EXERCISE REQUIREMENTS: Within the entries below, the lines from the one with "Наша марка (газета)." through the one with "振るう入力円周【Bath&Body Works/バス&ボディワークス】 ルームフレグランス" are to be set down exactly, both ends kept.

EXTRACTED INFORMATION:
▼
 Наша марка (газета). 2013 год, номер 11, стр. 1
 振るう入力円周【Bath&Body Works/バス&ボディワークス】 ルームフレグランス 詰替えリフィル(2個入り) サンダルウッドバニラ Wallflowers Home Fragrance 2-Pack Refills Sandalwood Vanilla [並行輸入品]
▲
▼
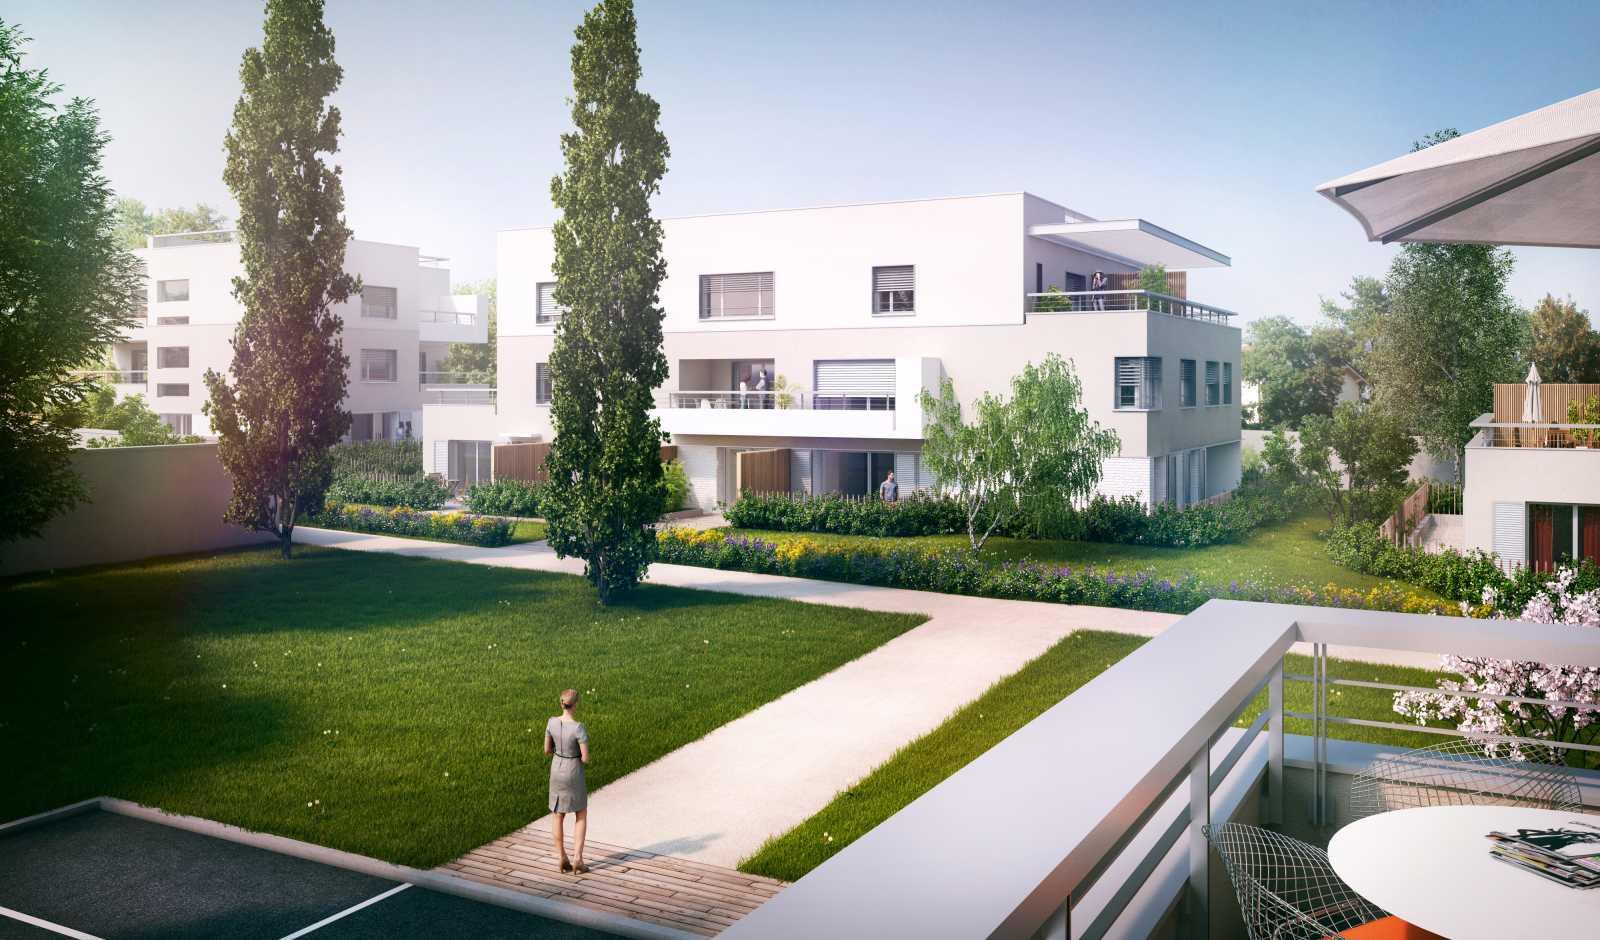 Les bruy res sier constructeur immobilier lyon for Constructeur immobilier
▲
▼
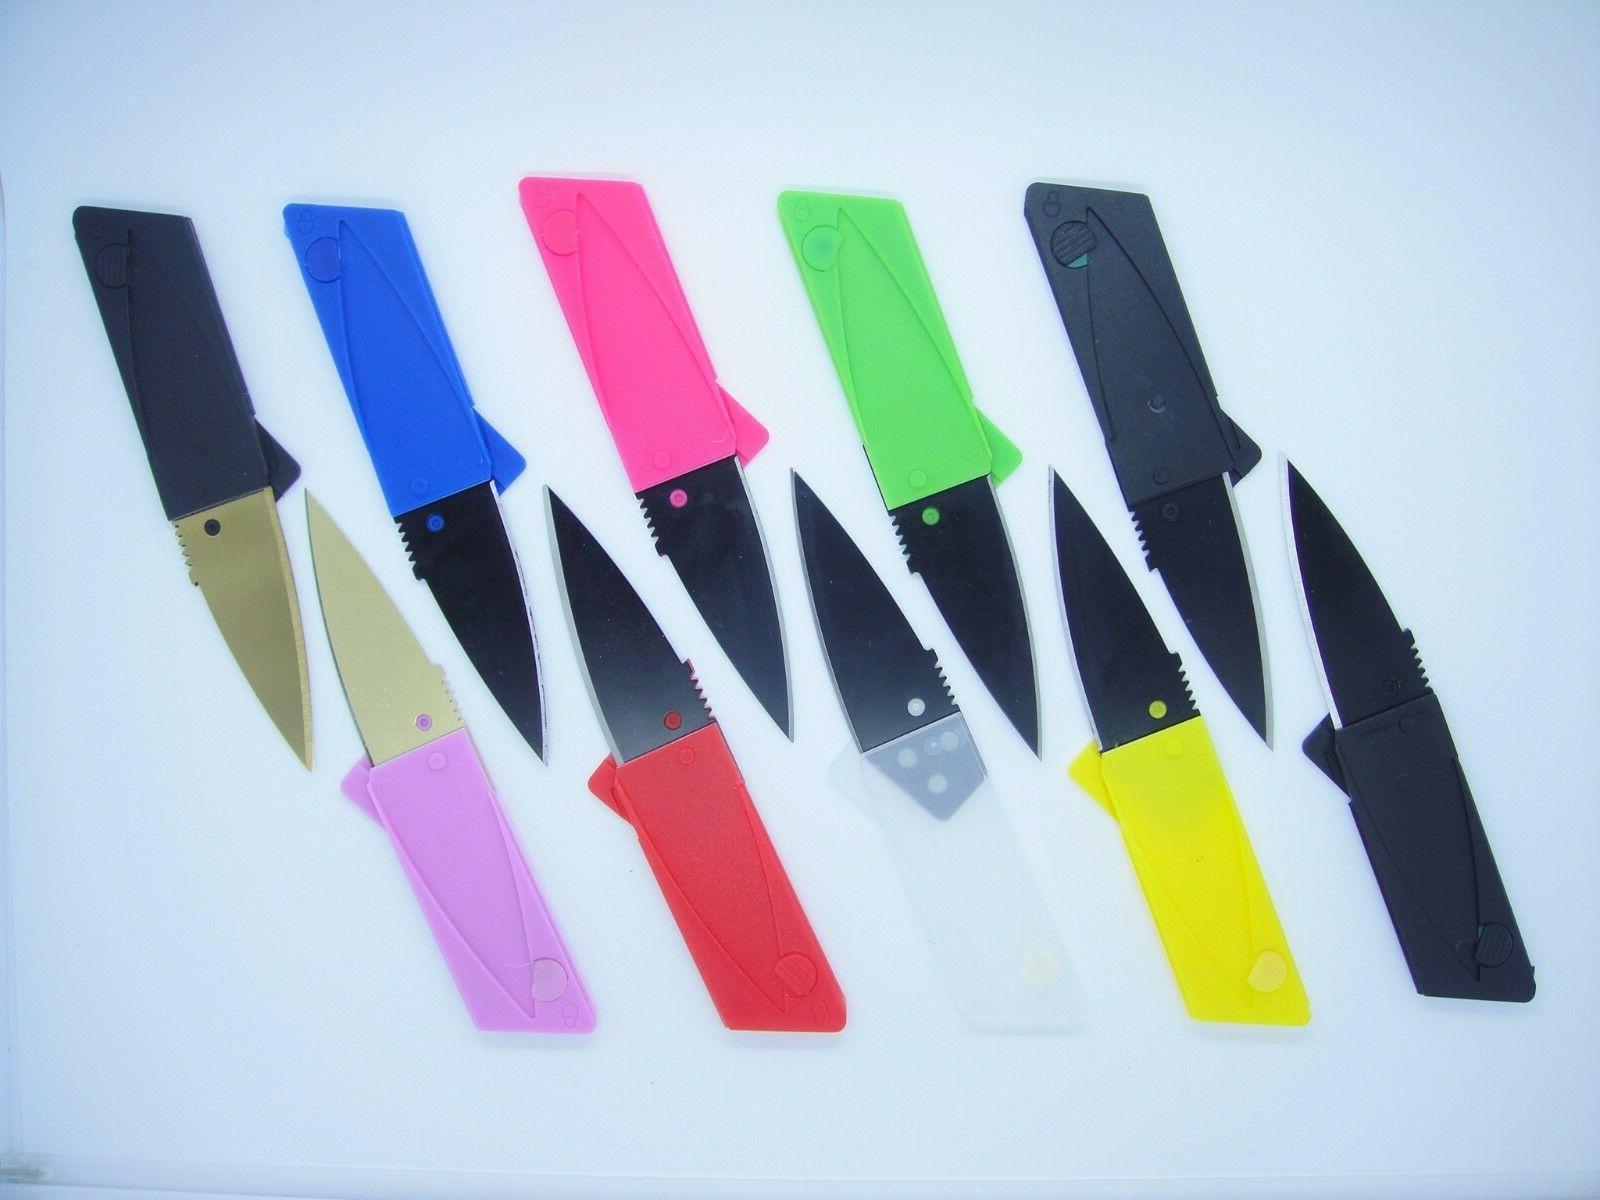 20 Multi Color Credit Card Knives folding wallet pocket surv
▲
RESPONSE TO THE EXERCISE:
 Наша марка (газета). 2013 год, номер 11, стр. 1
 振るう入力円周【Bath&Body Works/バス&ボディワークス】 ルームフレグランス 詰替えリフィル(2個入り) サンダルウッドバニラ Wallflowers Home Fragrance 2-Pack Refills Sandalwood Vanilla [並行輸入品]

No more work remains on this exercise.